Cookie

Exclude files and directories from indexing using the file “robots.txt”

Published by TheJoe on

Estimated reading time: < 1 minute

Caution


This article was published more than a year ago, there may have been developments.
Please take this into account.

Exist in the network of standards of behavior for crawler (the offered, or even spider) for’Content indexing. I am not referring to the file “.htaccess“, that is used to configure the webserver, I'm talking about the file “robots.txt“.

The file “robots.txt” is one of configuration file simple that there are, and unlike “.htaccess” should be placed uniquely only in directory radice Site. This file communicates to the search engines that index our site indexing or less determined file the directory, and the operation is very simple:

campo : valore

You can only enter two types of fields: “User-agent” and “Allow / Disallow“.

User-Agent

With the field “User-Agent” specify a search engine accurate. Just a small Search the Internet, or a access monitoring over time, to realize the the major search engines that access the site. Usually the requests to the file “robots.txt” are carried only by the search engines, and in any case the user agent are immediately recognizable.

Allow / Disallow

With the value “Allow” the “Disallow” is declared access permit the site to the search engine that uses the user agent specified in the “User-Agent“. As an example we may want to exclude the directoryimages” indexing of “Googlebot-image“, especially if the images that we leave on the server we want to sell them with licenses different from CreativeCommons.

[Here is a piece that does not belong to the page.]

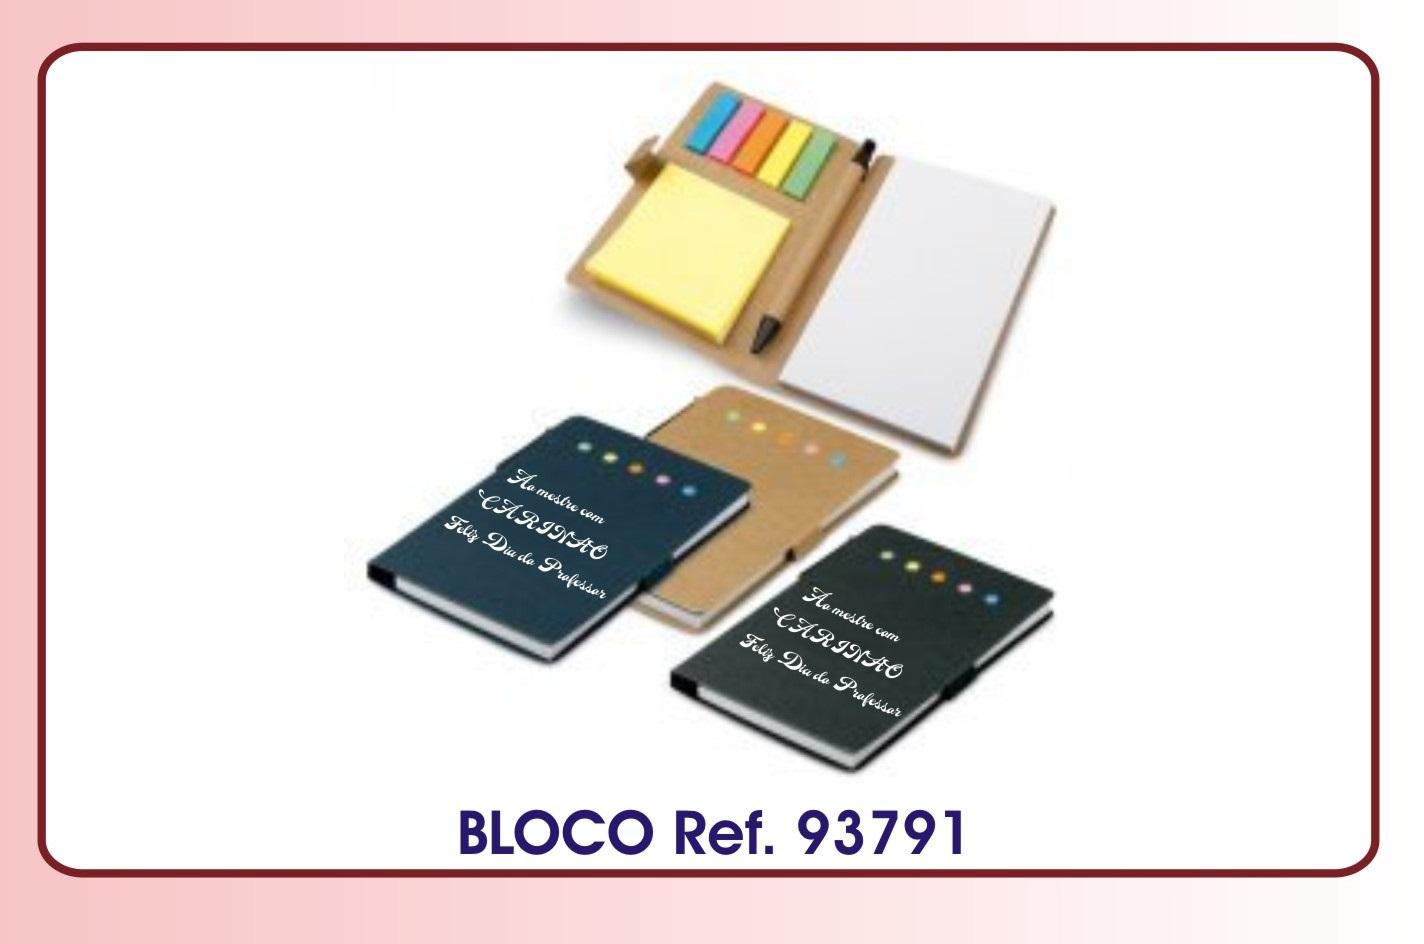 REF.93791-BLOCO DE ANOTAÇÕES

Let me clarify a bit’ Ideas with a fine example:

Look here:  He was born BlueGriffon, an HTML editor based on the rendering engine of Firefox

User-Agent : *
Disallow: /wp-

In this case, we stated that the crawlers that occur with any user agent do not access directories that begin with “wp-“, those dedicated to the administration of WordPress. Simple, not?


TheJoe

I keep this blog as a hobby by 2009. I am passionate about graphic, technology, software Open Source. Among my articles will be easy to find music, and some personal thoughts, but I prefer the direct line of the blog mainly to technology. For more information contact me.

2 Comments

TheJoe · 5 July 2010 at 4:36 PM

You will also affect the articles of “.htaccess” then! 😀

https://thejoe.it/wordpress/?s=htaccess

computer courses · 5 July 2010 at 3:35 PM

ottimo tip 🙂

Leave a Reply

Avatar placeholder

Your email address will not be published. Required fields are marked *

This site uses Akismet to reduce spam. Learn how your comment data is processed.